#### [What needs to be done]
From top to bottom, write out the listing exactly and skip every picture.

#### [Given data]
....................

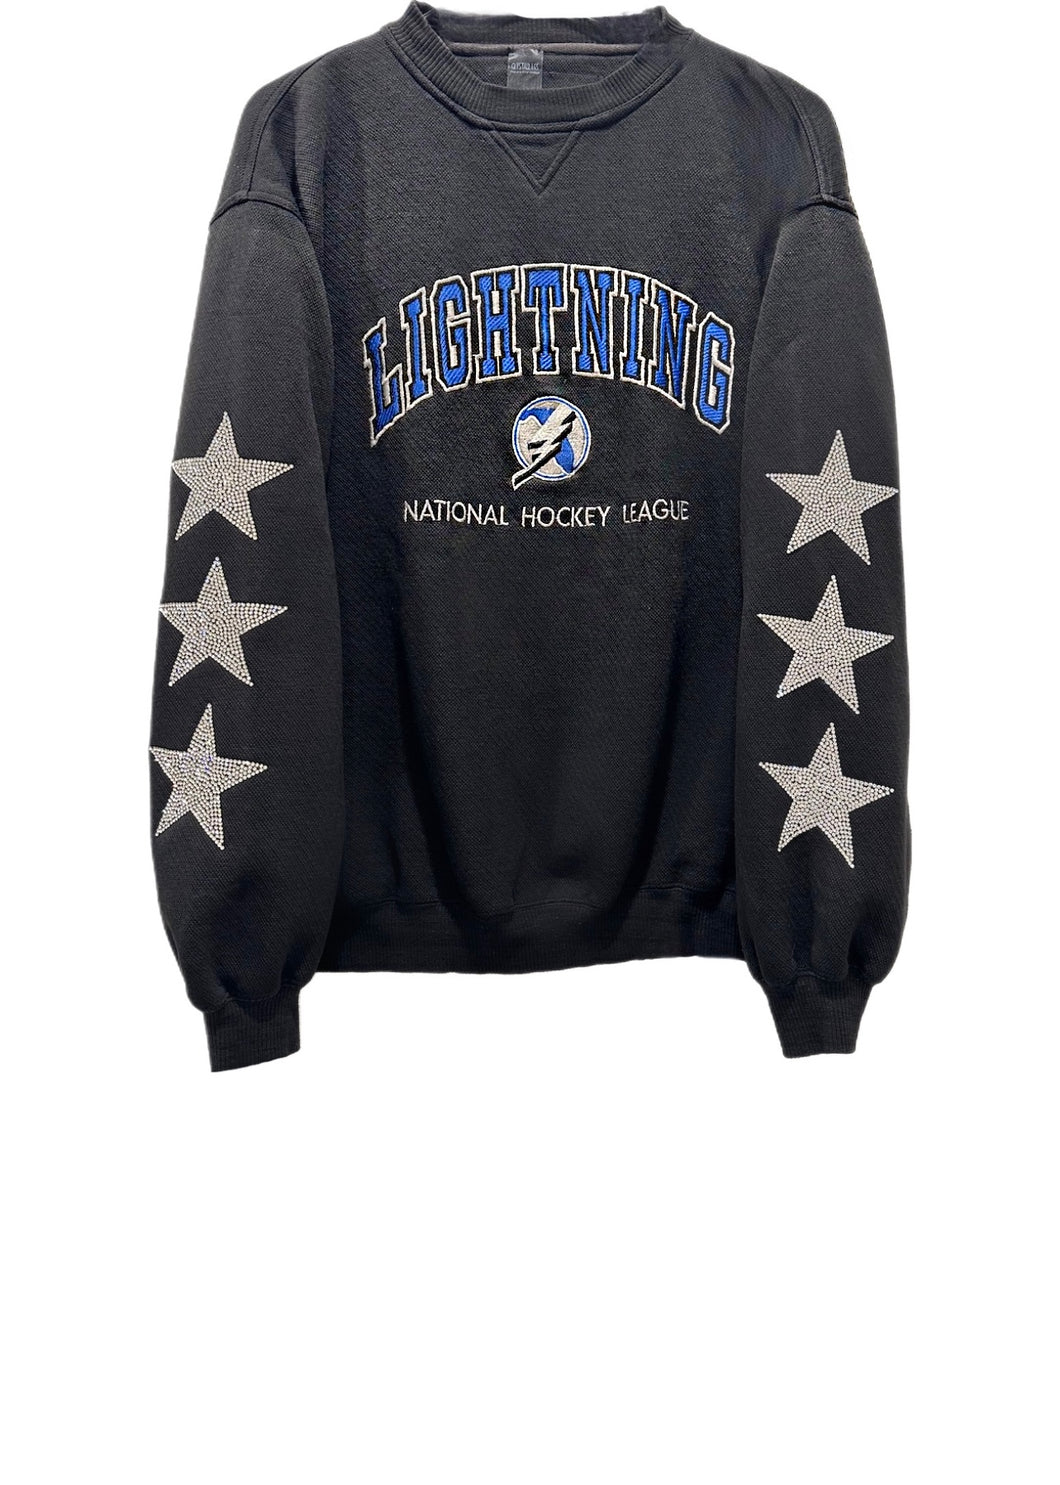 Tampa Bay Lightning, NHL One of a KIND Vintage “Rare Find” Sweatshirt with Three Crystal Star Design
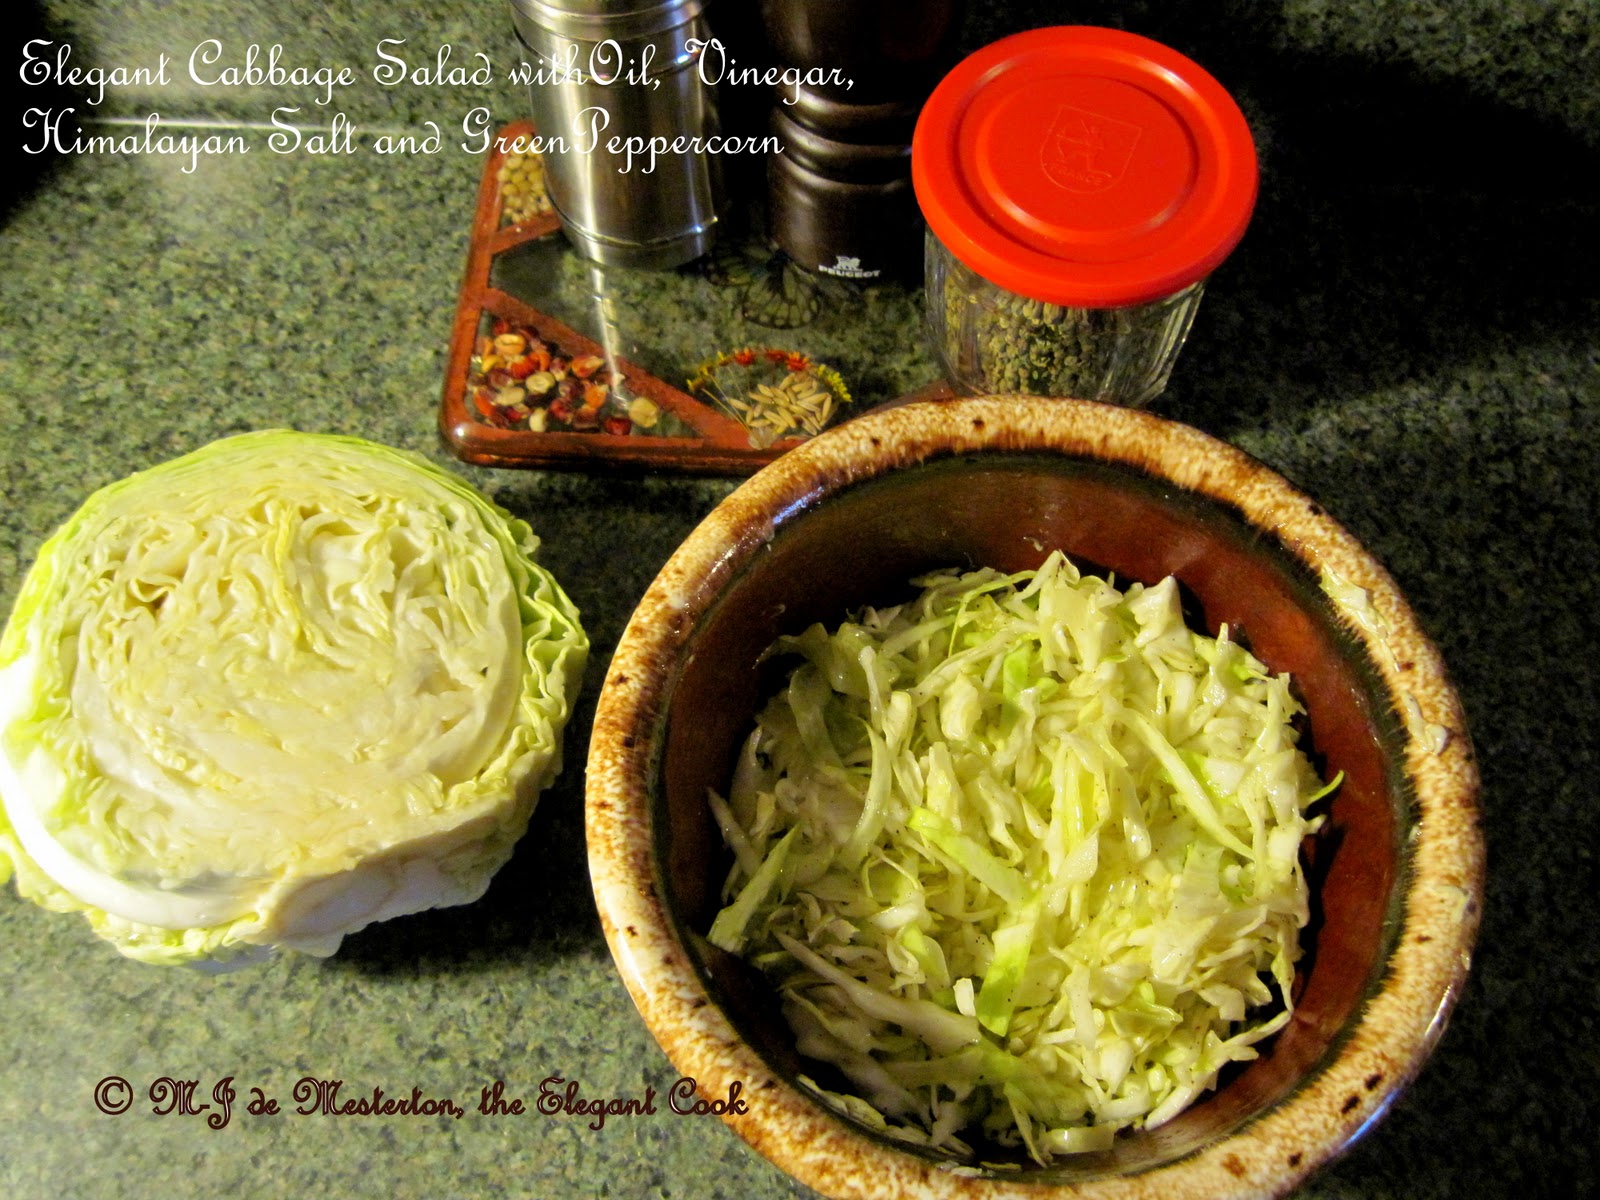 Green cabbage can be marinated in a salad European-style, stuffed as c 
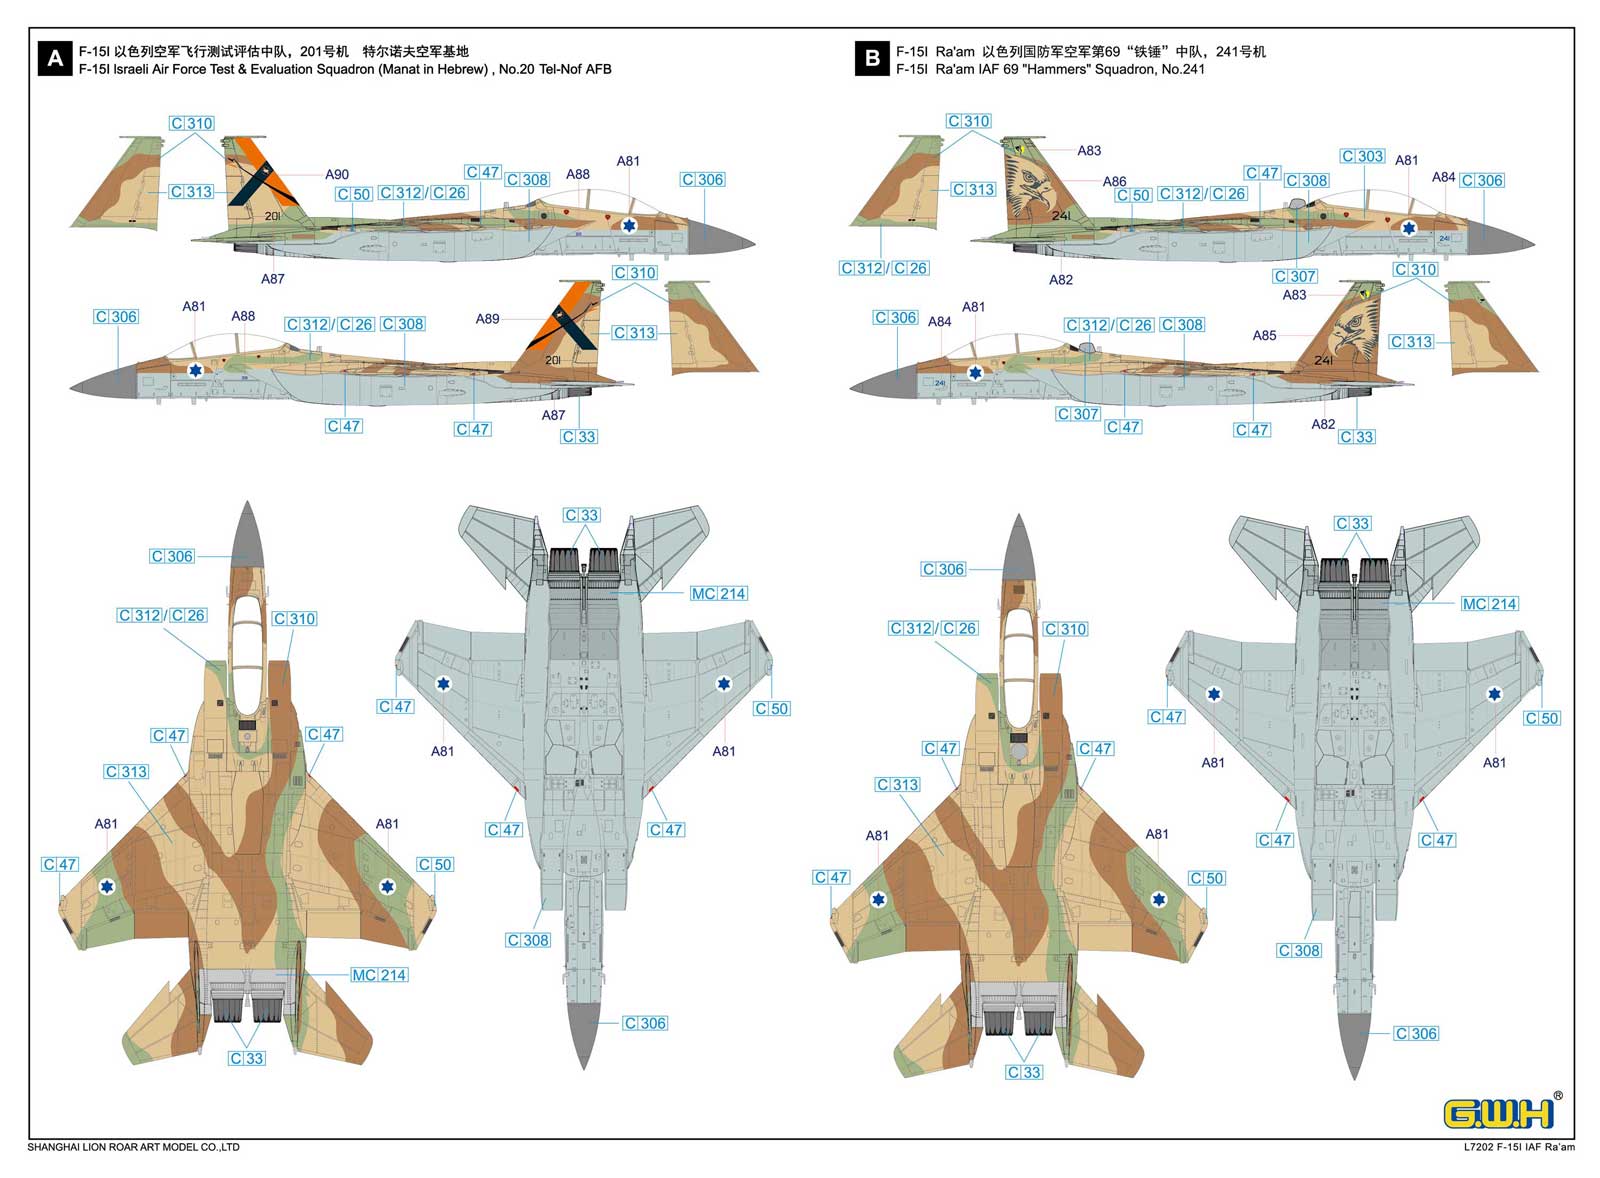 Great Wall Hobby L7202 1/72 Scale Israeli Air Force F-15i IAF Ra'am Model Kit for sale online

....................

#### [Solved exercise]
 Tampa Bay Lightning, NHL One of a KIND Vintage “Rare Find” Sweatshirt with Three Crystal Star Design
 Green cabbage can be marinated in a salad European-style, stuffed as c 
 Great Wall Hobby L7202 1/72 Scale Israeli Air Force F-15i IAF Ra'am Model Kit for sale online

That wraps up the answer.